Melpathur Narayana Bhattathiri ( Mēlpattūr Nārāyaṇa Bhaṭṭatiri; 1560–1646/1666), third student of Achyuta Pisharati, was a member of Madhava of Sangamagrama's Kerala school of astronomy and mathematics. He was a mathematical linguist (vyakarana). His most important scholarly work, Prakriya-sarvasvam, sets forth an axiomatic system elaborating on the classical system of Panini. However, he is most famous for his masterpiece, Narayaneeyam, a devotional composition in praise of Guruvayurappan (Krishna) that is still sung at Guruvayur Temple.

Birth and education 
Bhattathri was from a village named Melpathur at Kurumbathur in Athavanad Panchayat near Kadampuzha, very close to the Tirur River, as well as near to the holy town of Thirunavaya and Bharathappuzha, that was famed as the theatre of the Mamankam festival, in Malappuram district. He was born in 1560 in a pious Brahmin family, as the son of Mathrudattan Bhattathiri, a pandit himself. Bhattathiri studied from his father as a child. He learned the Rig Veda from Madhava, Tharka sastra (science of debate in Sanskrit) from Damodara and Vyakarana (Sanskrit grammar) from Achyuta Pisharati. He became a pandit by the age of 16. He married his guru Achuta Pisharati's niece and settled at Thrikkandiyur in Tirur.

He was one of the last mathematicians of the Sangamagrama school, which had been founded by Madhava in Kerala, South India and included among its members: Parameshvara, Neelakanta Somayaji, Jyeshtadeva, Achyuta Pisharati, Melpathur Narayana Bhattathiri and Achyuta Panikkar.

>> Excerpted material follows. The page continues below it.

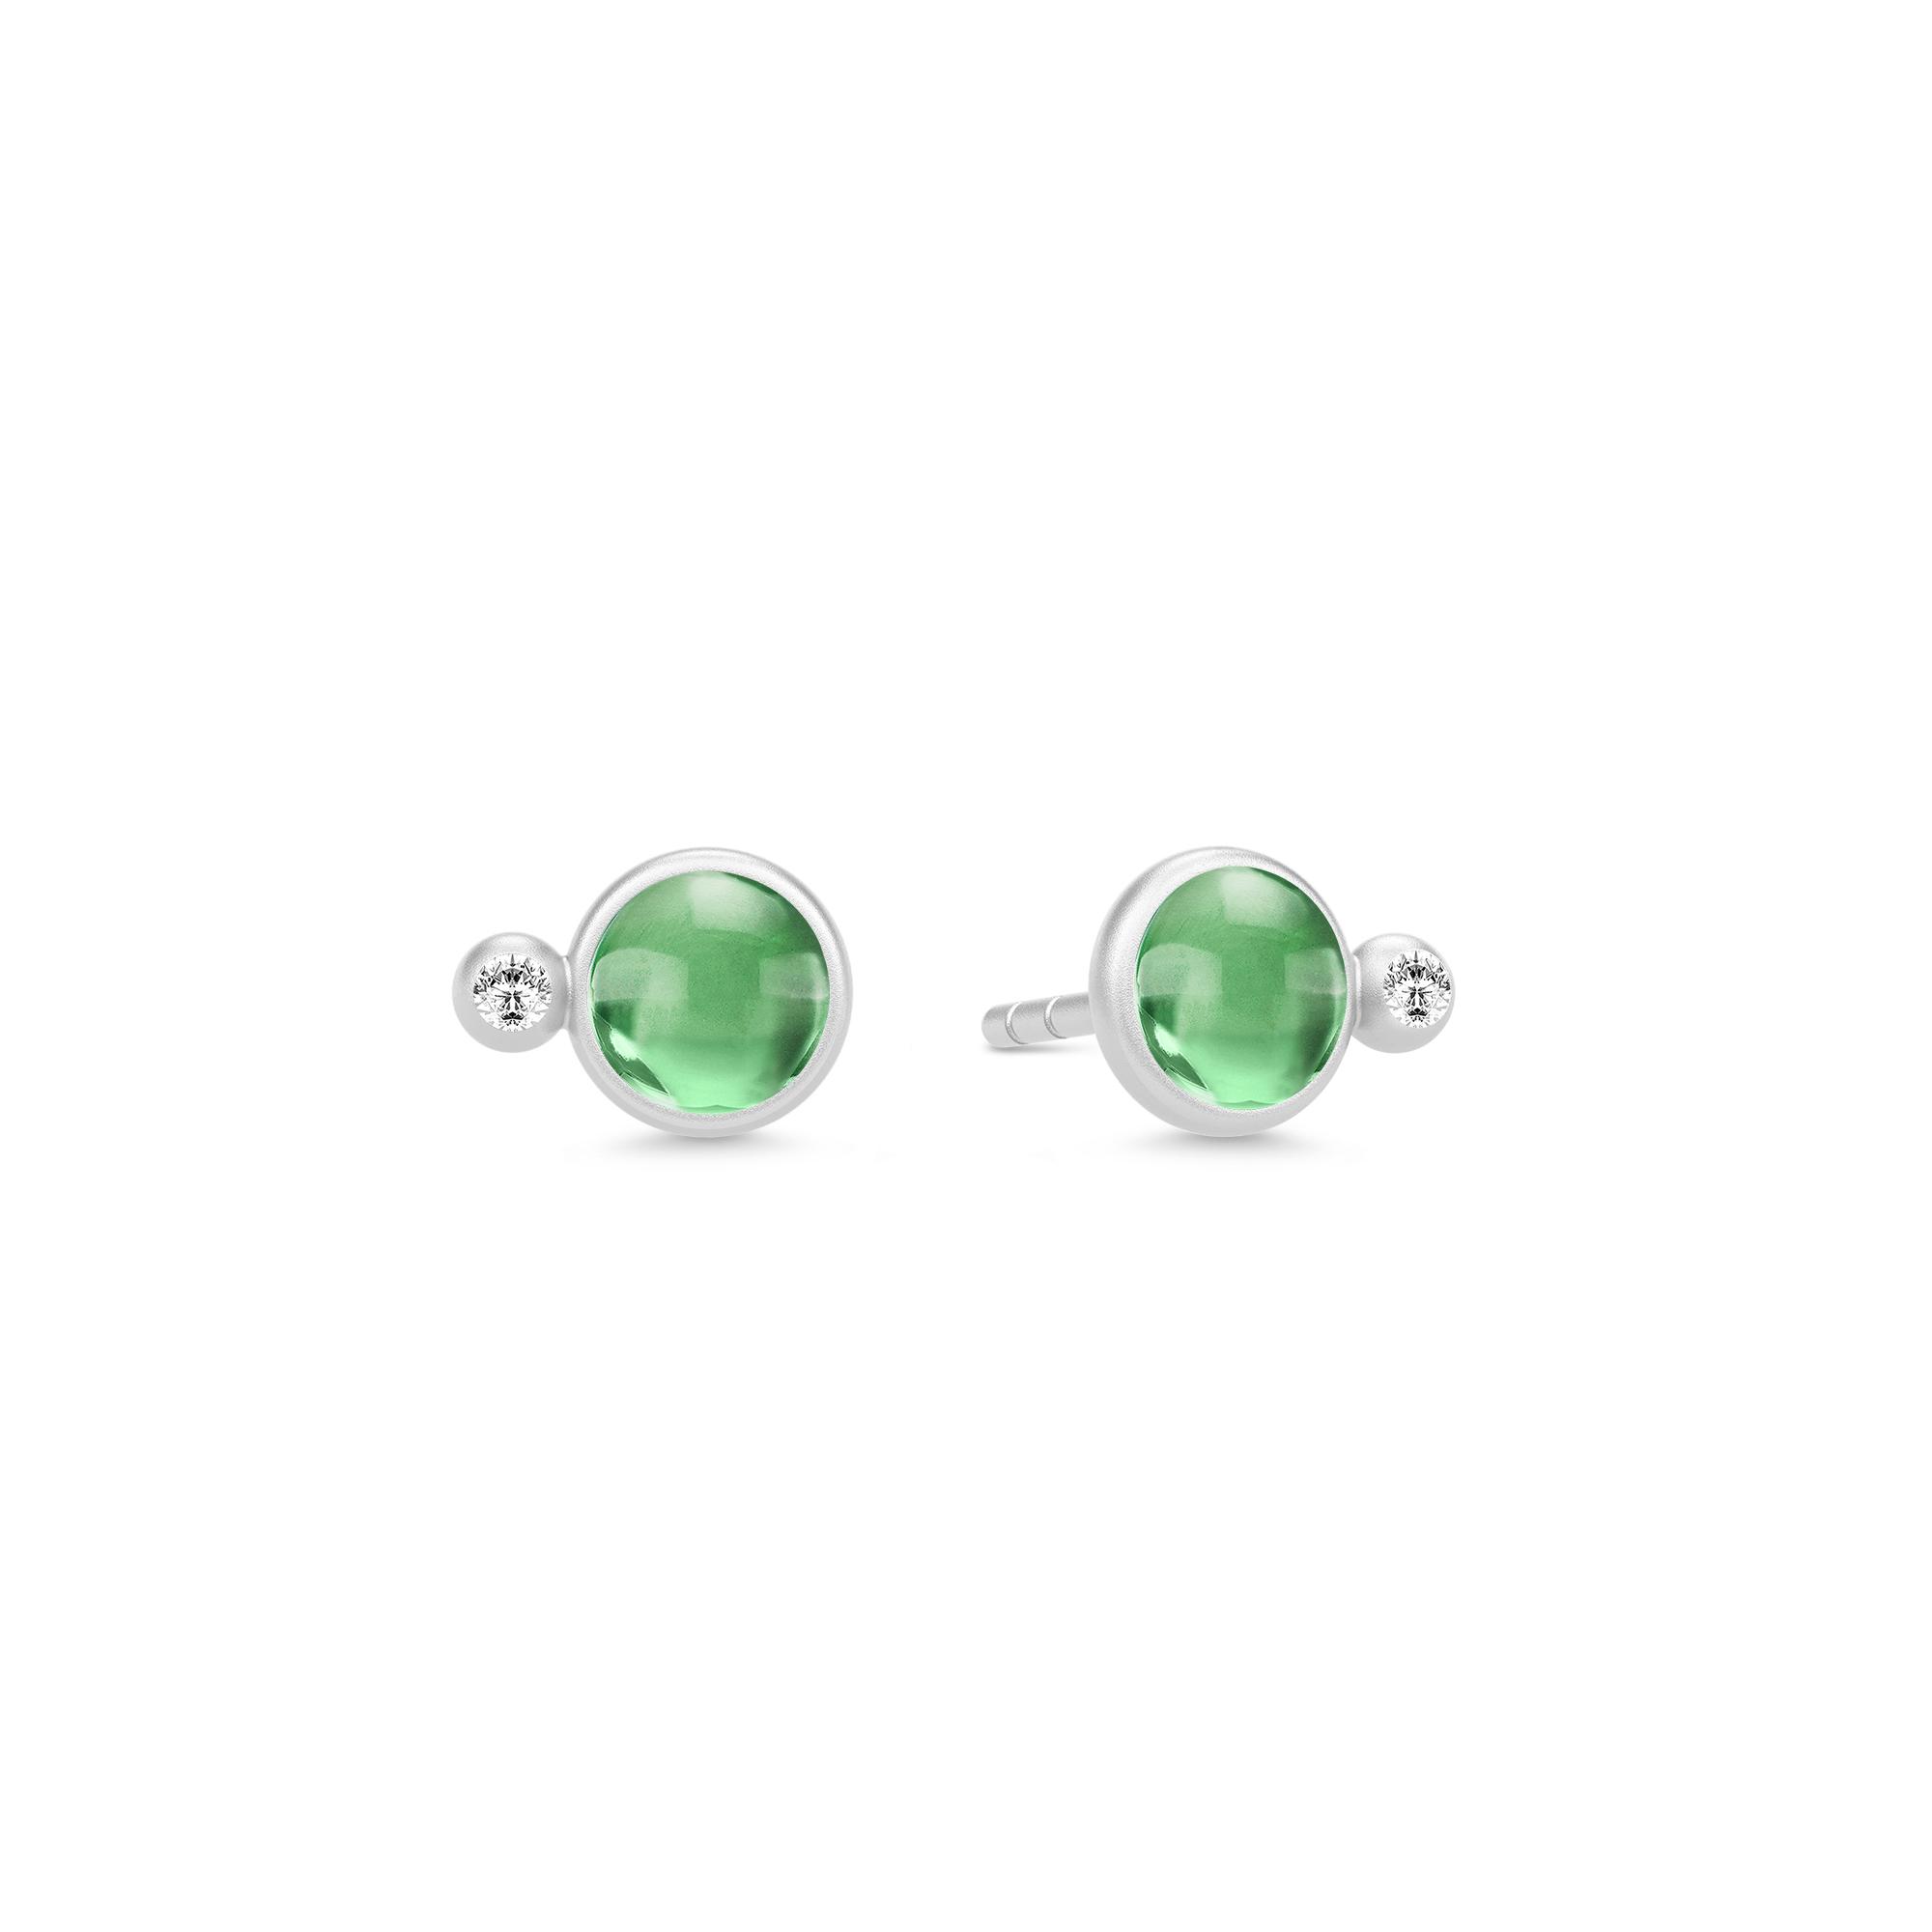 Billede af JulieSandlau Prime ørestikker i sølv med grøn krystal og zirkon
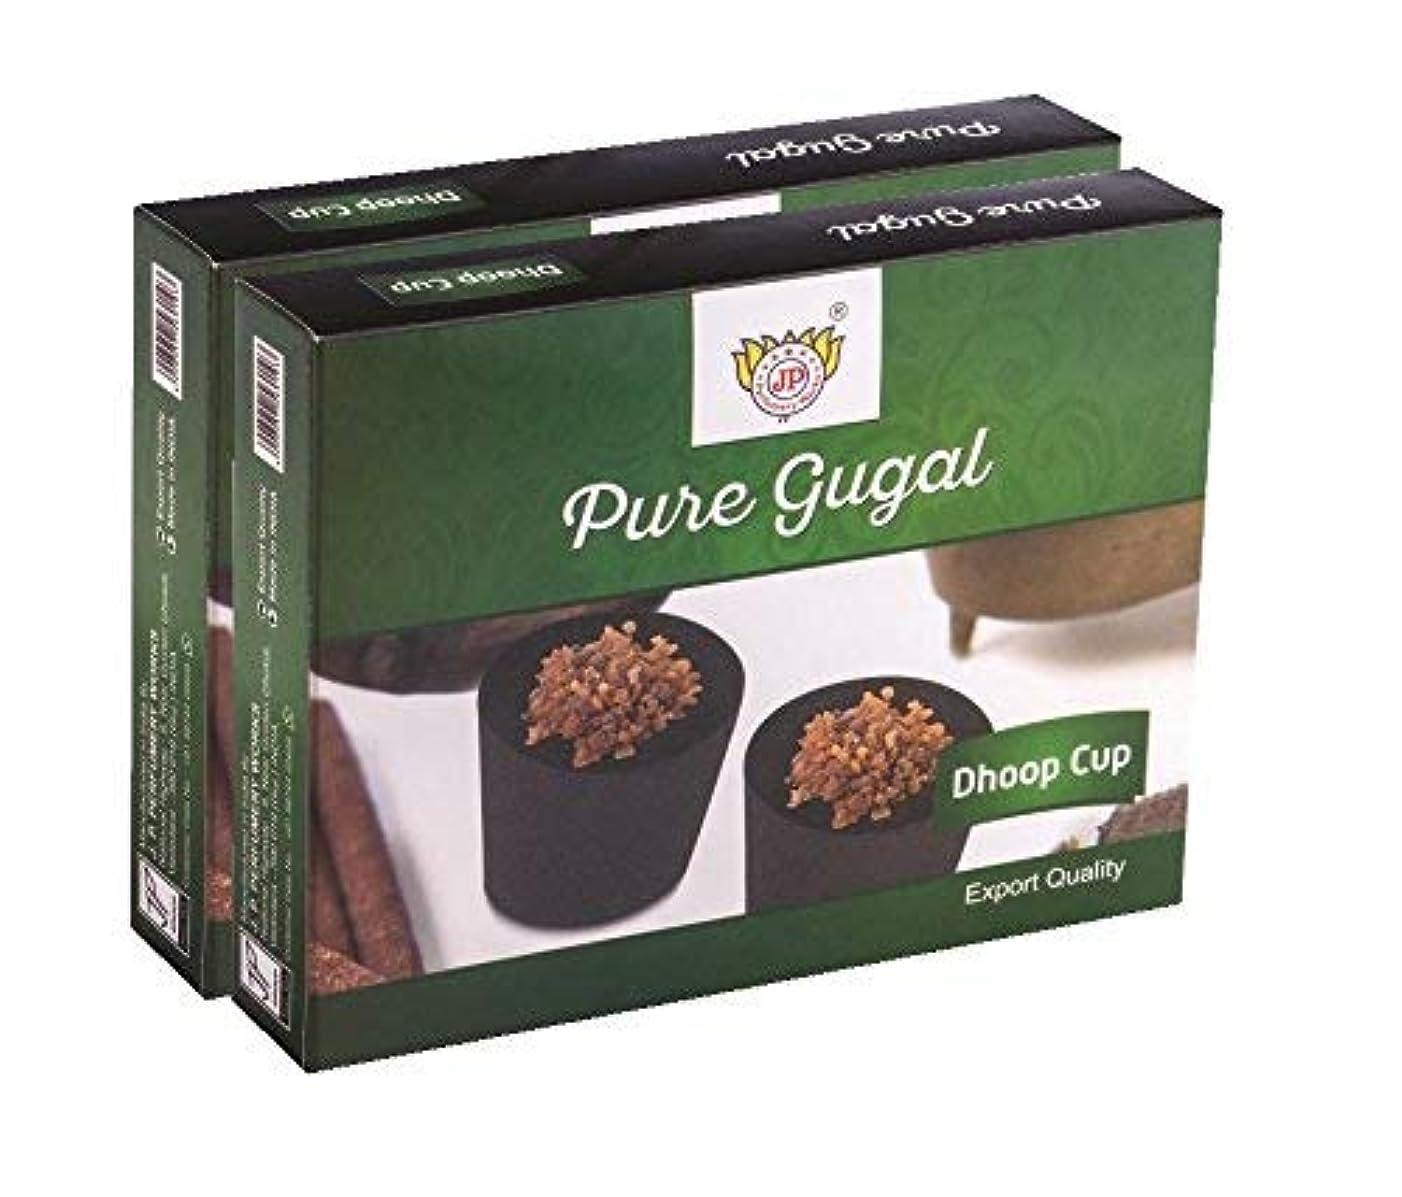 裏切りオートメーション無効J.P.Perfumery Works Rosewood Gugal Dhoop Cup (2 Packet)

It flourished between the 14th and 16th centuries and the original discoveries of the school seems to have ended with Bhattathiri.

It seems that he had a younger brother named after his father (Mathrudattan Jr.,). One of the manuscripts of Narayaneeyam says that it was copied by the author's younger brother Matrdatta. The Melpathur family is now extinct and it is said that it was merged into the Maravancheri Thekkedathu family.

Narayaneeyam 
The Narayaniyam is a devotional Sanskrit work, in the form of a poetical hymn, consisting of 1036 verses (called 'slokas' in Sanskrit). It was written by Bhattathiri in 1586 AD and gives a summary of 18,000 verses of the Bhagavata Purana.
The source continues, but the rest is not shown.